Authors: Ibrahim MAA, Abdelrahman AHM, Allemailem KS, Almatroudi A, Moustafa MF, Hegazy MF

Abstract: Severe acute respiratory syndrome coronavirus 2 (SARS-CoV-2) is a recently emanating human infectious coronavirus that causes COVID-19 disease. On 11th March 2020, it has been announced as a pandemic by the World Health Organization (WHO). Recently, several repositioned drugs have been subjected to clinical investigations as anti-COVID-19 drugs. Here, in silico drug discovery tools were utilized to evaluate the binding affinities and features of eighteen anti-COVID-19 drug candidates against SARS-CoV-2 main protease (M(pro)).
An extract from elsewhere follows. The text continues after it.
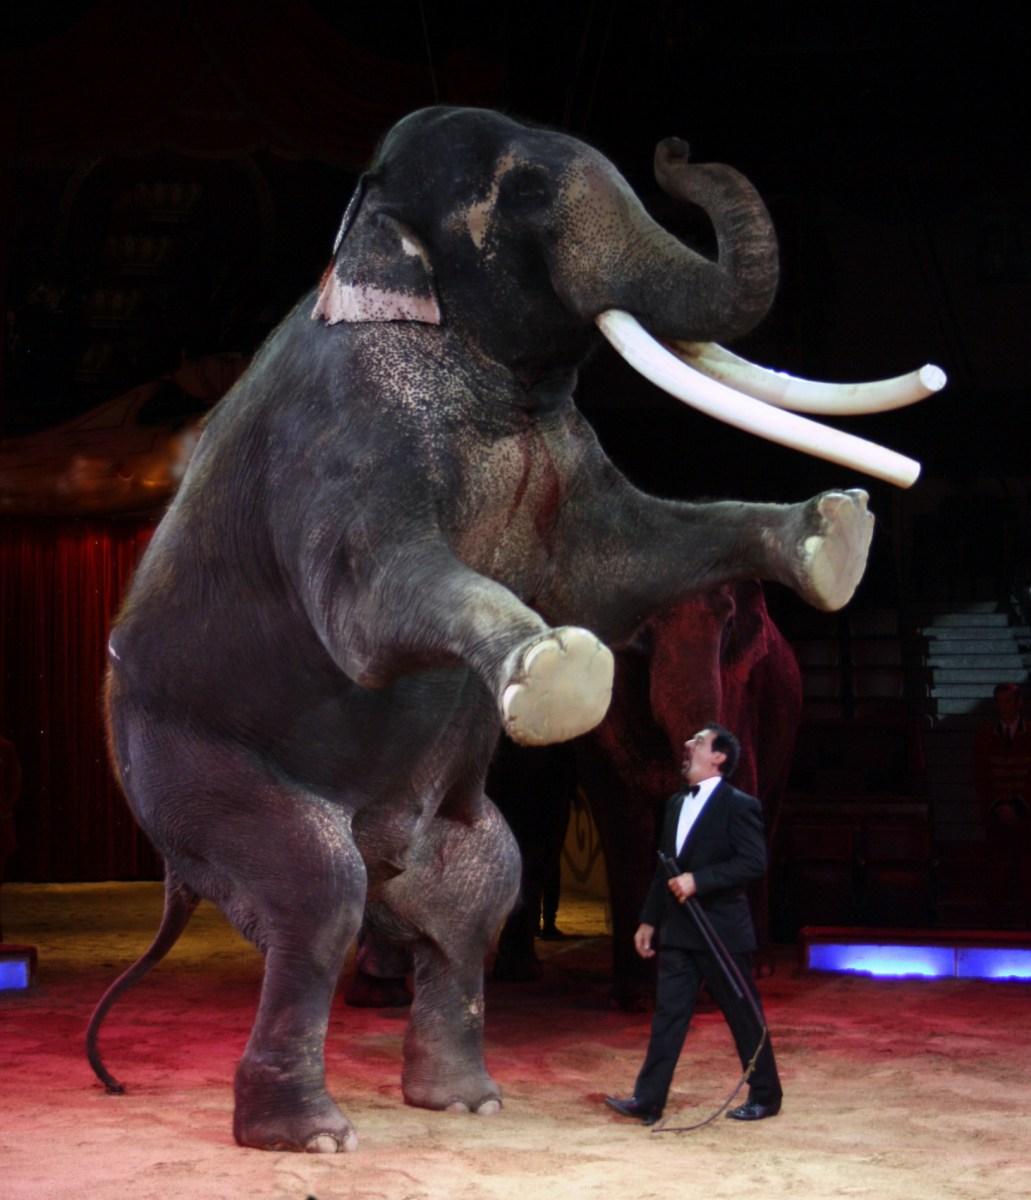 Uden elefanter dør magien. Uden magi intet cirkus.

Molecular docking calculations using Autodock Vina showed considerable binding affinities of the investigated drugs with docking scores ranging from - 5.3 to - 8.3 kcal/mol, with higher binding affinities for HIV drugs compared to the other antiviral drugs. Molecular dynamics (MD) simulations were performed for the predicted drug-M(pro) complexes for 50 ns, followed by binding energy calculations utilizing molecular mechanics-generalized Born surface area (MM-GBSA) approach. MM-GBSA calculations demonstrated promising binding affinities of TMC-310911 and ritonavir towards SARS-CoV-2 M(pro), with binding energy values of - 52.8 and - 49.4 kcal/mol, respectively. Surpass potentialities of TMC-310911 and ritonavir are returned to their capabilities of forming multiple hydrogen bonds with the proximal amino acids inside M(pro)'s binding site. Structural and energetic analyses involving root-mean-square deviation, binding energy per-frame, center-of-mass distance, and hydrogen bond length demonstrated the stability of TMC-310911 and ritonavir inside the M(pro)'s active site over the 50 ns MD simulation. This study sheds light on HIV protease drugs as prospective SARS-CoV-2 M(pro) inhibitors.